**What to produce**
From the line that contains "Warframe Pets by Memoski" through the last line of the data, copy everything exactly and nothing else, omitting the pictures.

**Information provided**
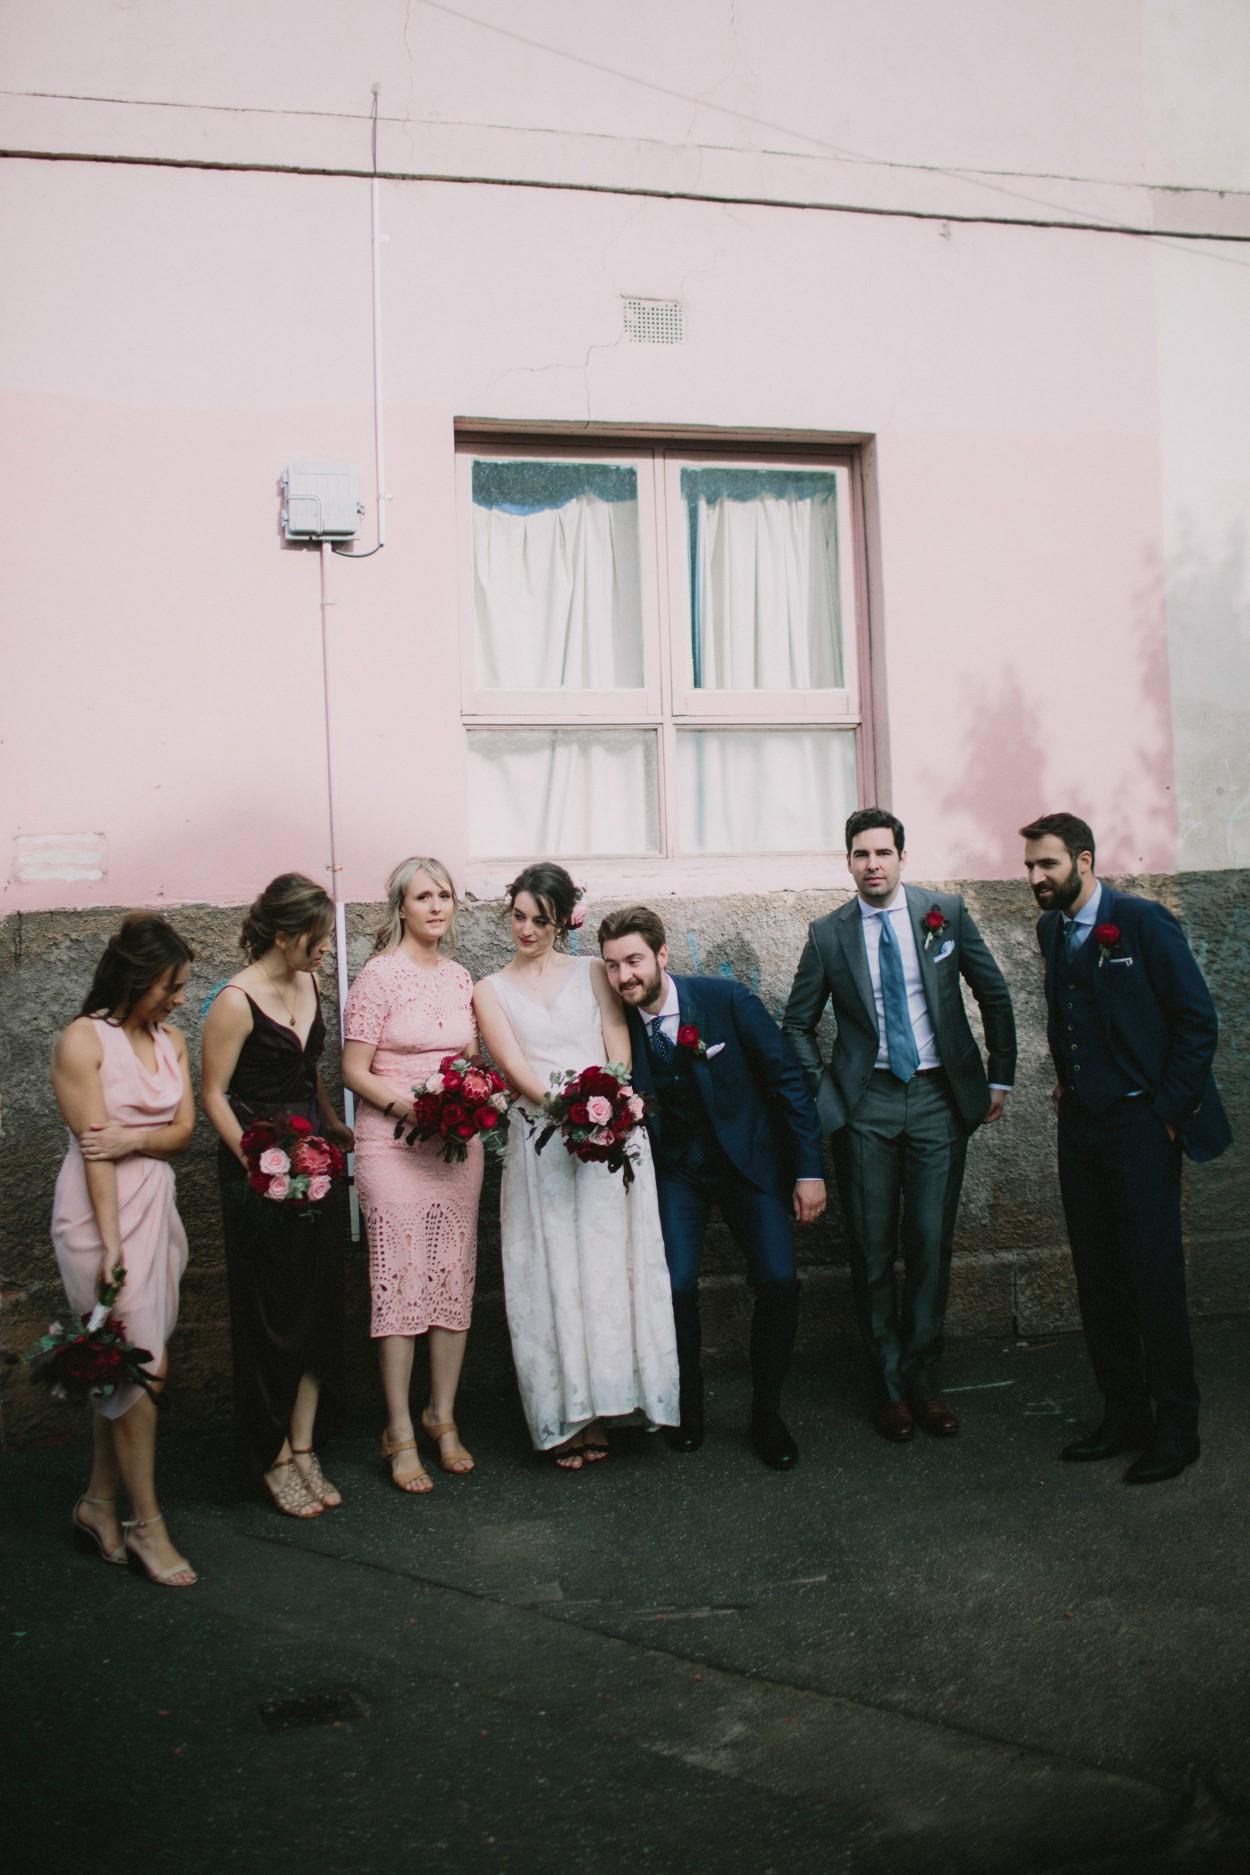 I-Got-You-Babe-Weddings-Fitzroy-Town-Hall-Lauren-Hugo082.jpg
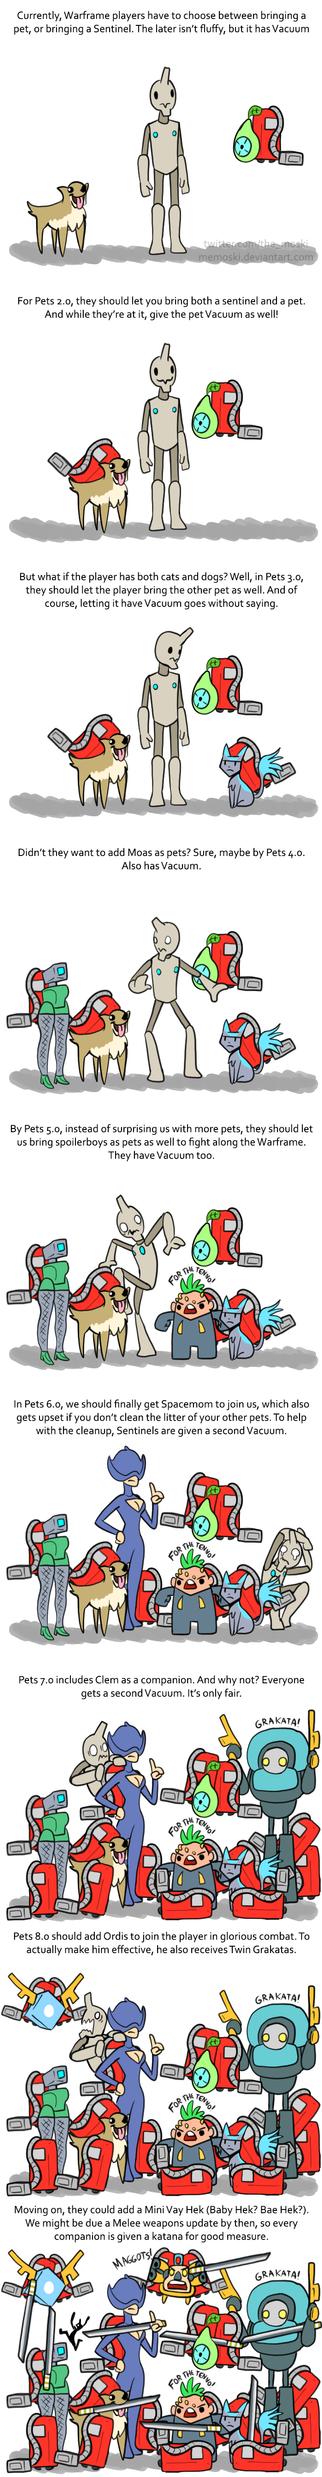 Warframe Pets by Memoski
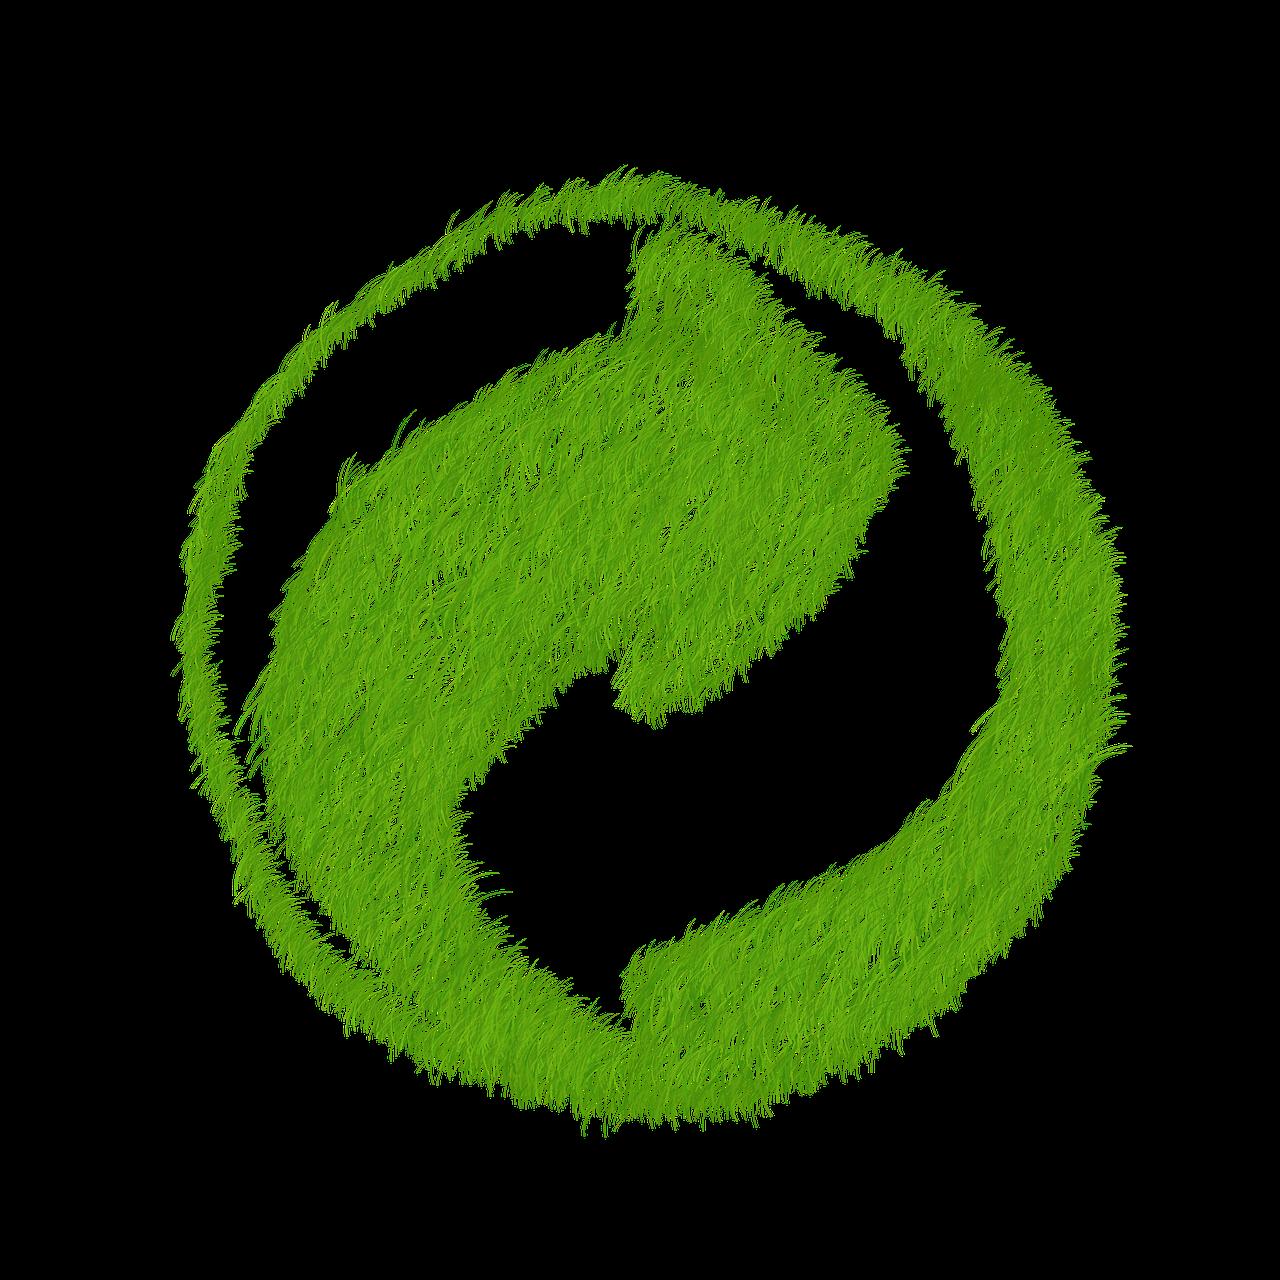 Recycling-Wirtschaft

**Worked solution**
 Warframe Pets by Memoski
 Recycling-Wirtschaft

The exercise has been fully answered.